Supplied material:
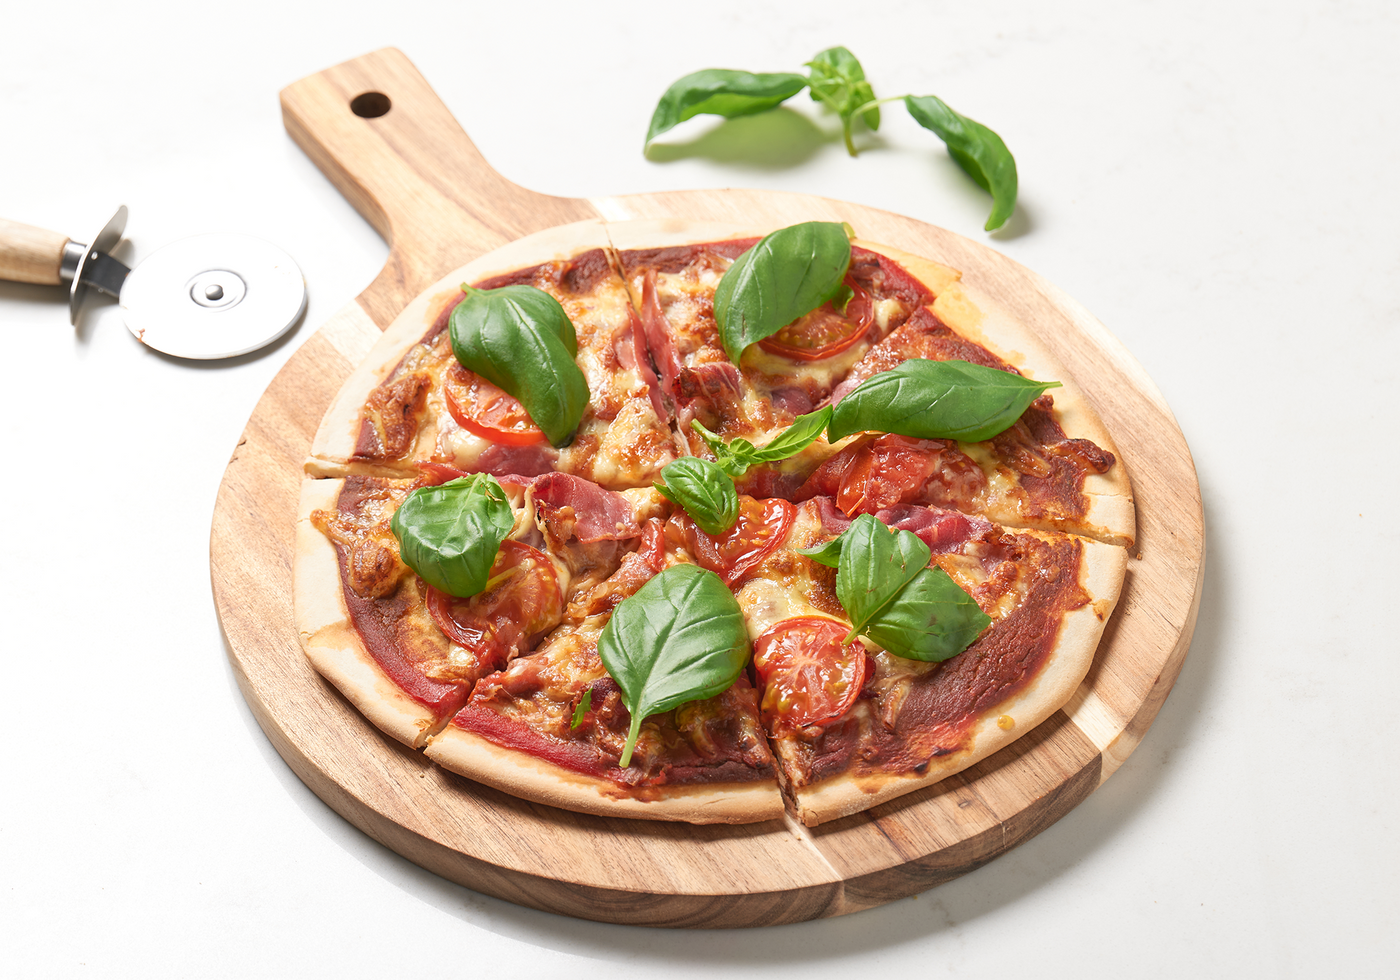 Proscuitto and basil pizza
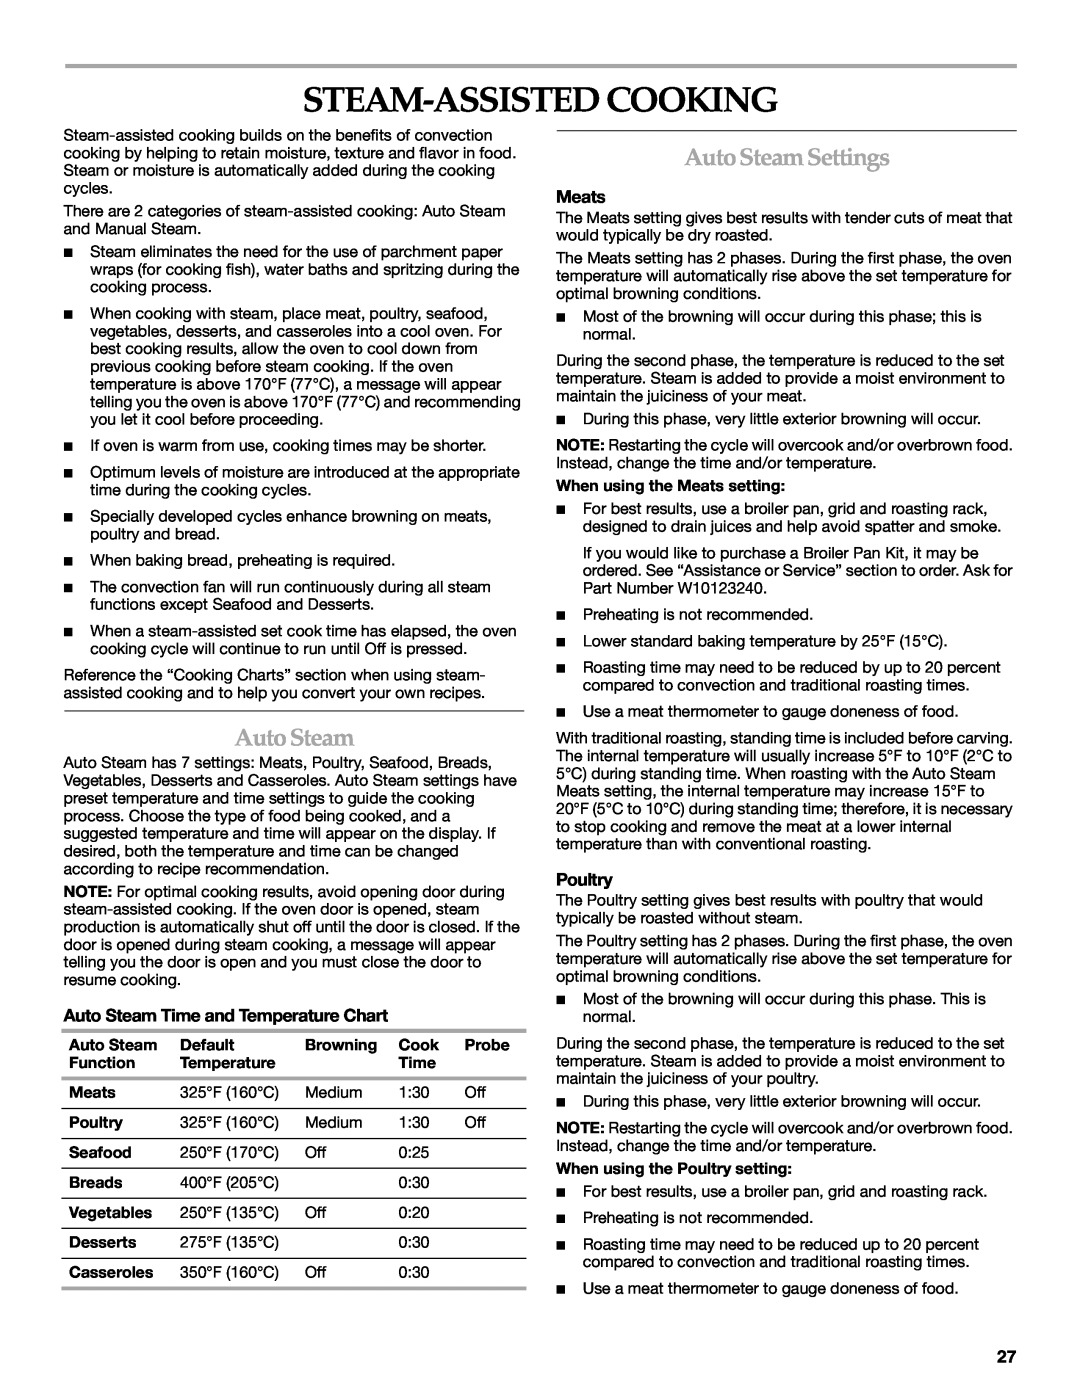 KitchenAid KDRU763.KDRU manual Steam-Assisted Cooking, AutoSteamSettings, Auto Steam Time and Temperature Chart, Meats 
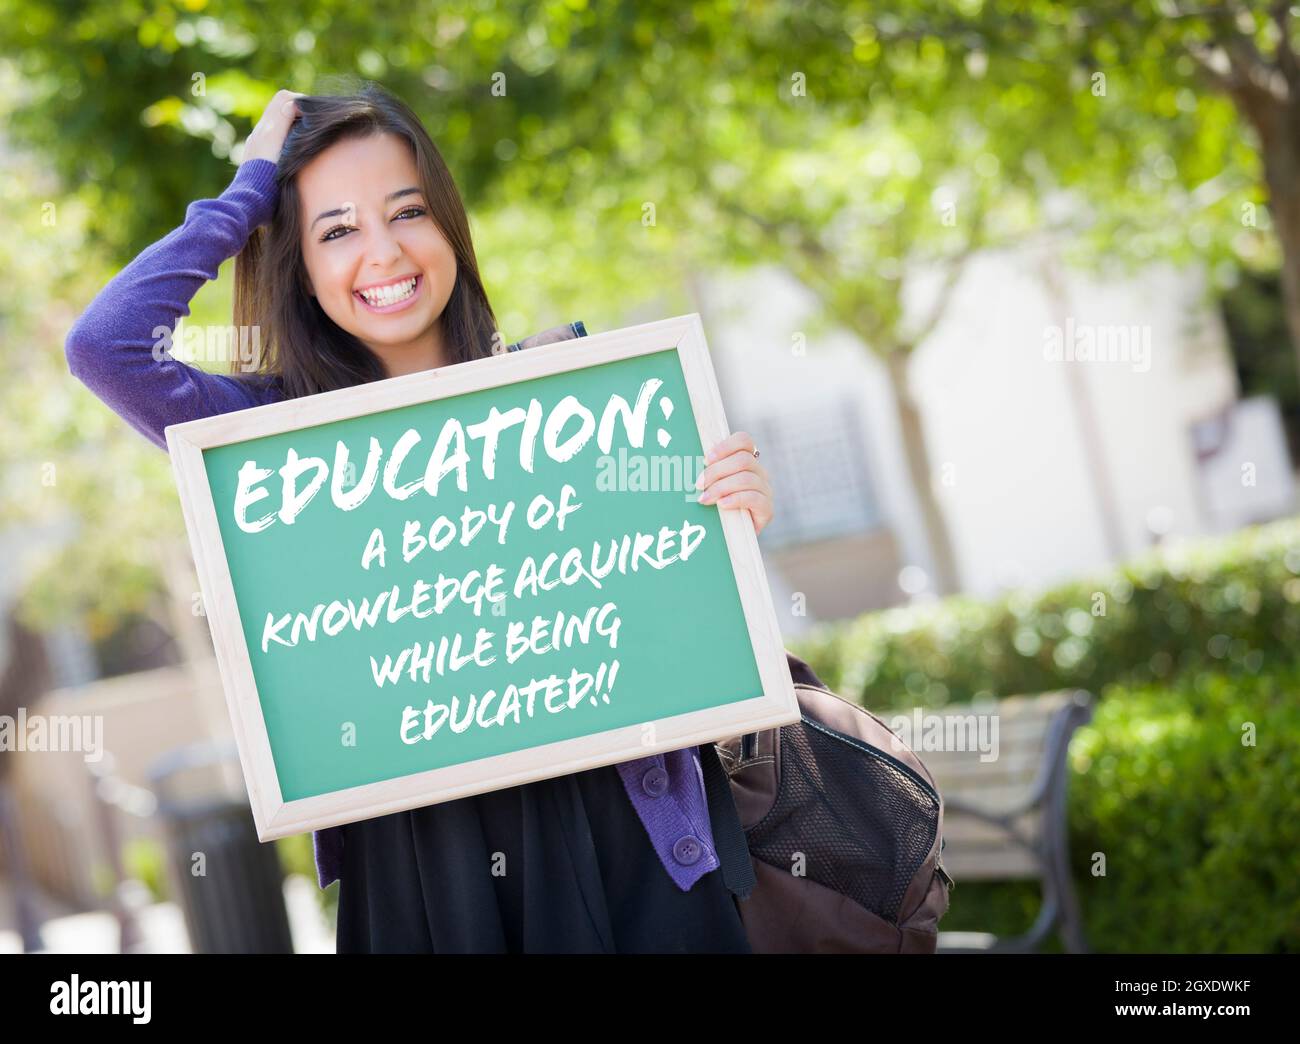 Excited Mixed Race Female Student Holding Chalkboard With Education and the Definition Written on it. Stock Photo
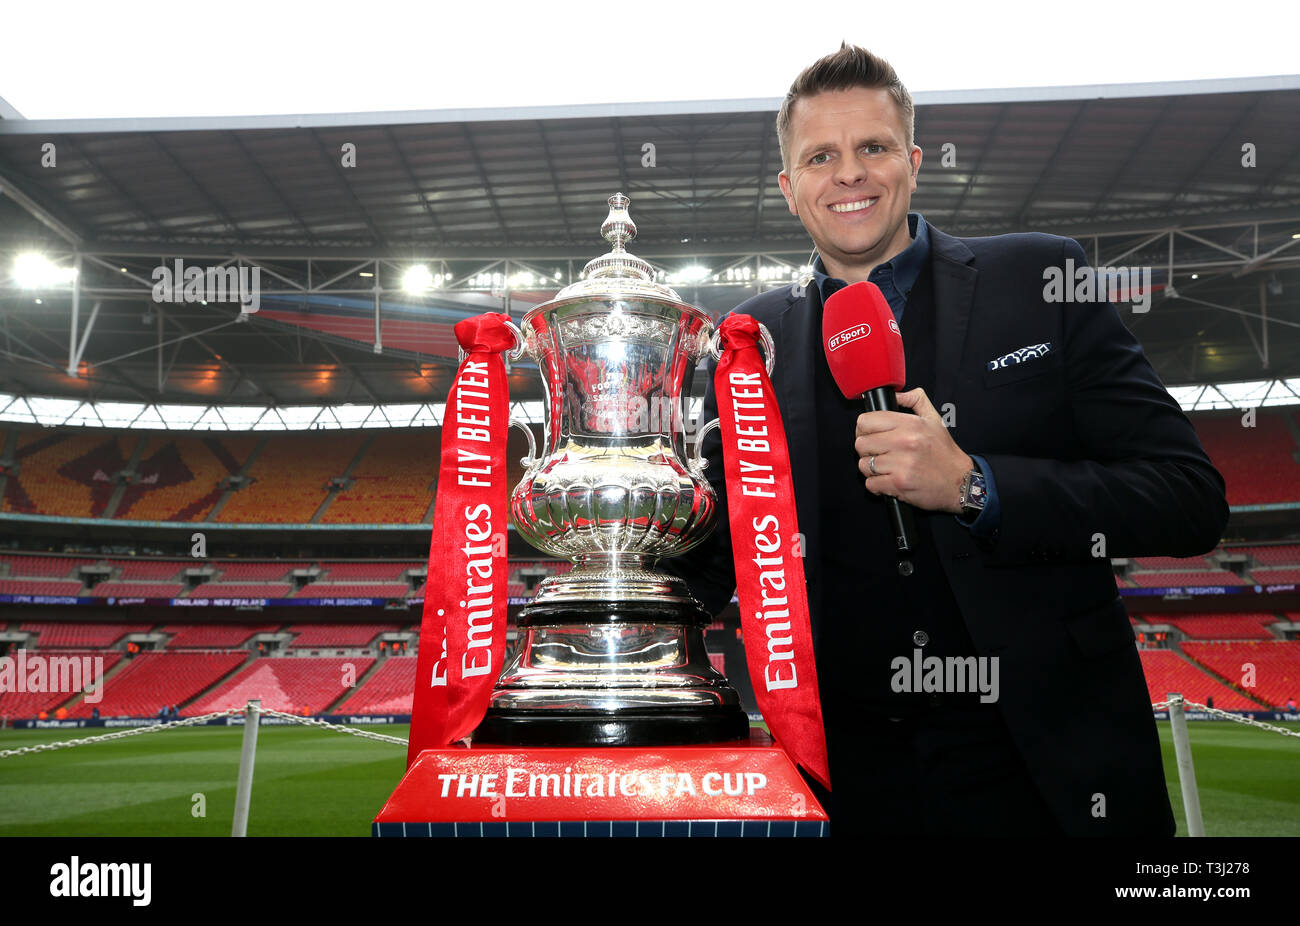 TV presenter Jake Humphrey poses for a photo next to the FA Cup trophy before the FA Cup semi final match at Wembley Stadium, London Stock Photo

Activity: Reproduce the entire listing above precisely, but keep the images out.

The answer:
 Proscuitto and basil pizza
 KitchenAid KDRU763.KDRU manual Steam-Assisted Cooking, AutoSteamSettings, Auto Steam Time and Temperature Chart, Meats 
 Excited Mixed Race Female Student Holding Chalkboard With Education and the Definition Written on it. Stock Photo
 TV presenter Jake Humphrey poses for a photo next to the FA Cup trophy before the FA Cup semi final match at Wembley Stadium, London Stock Photo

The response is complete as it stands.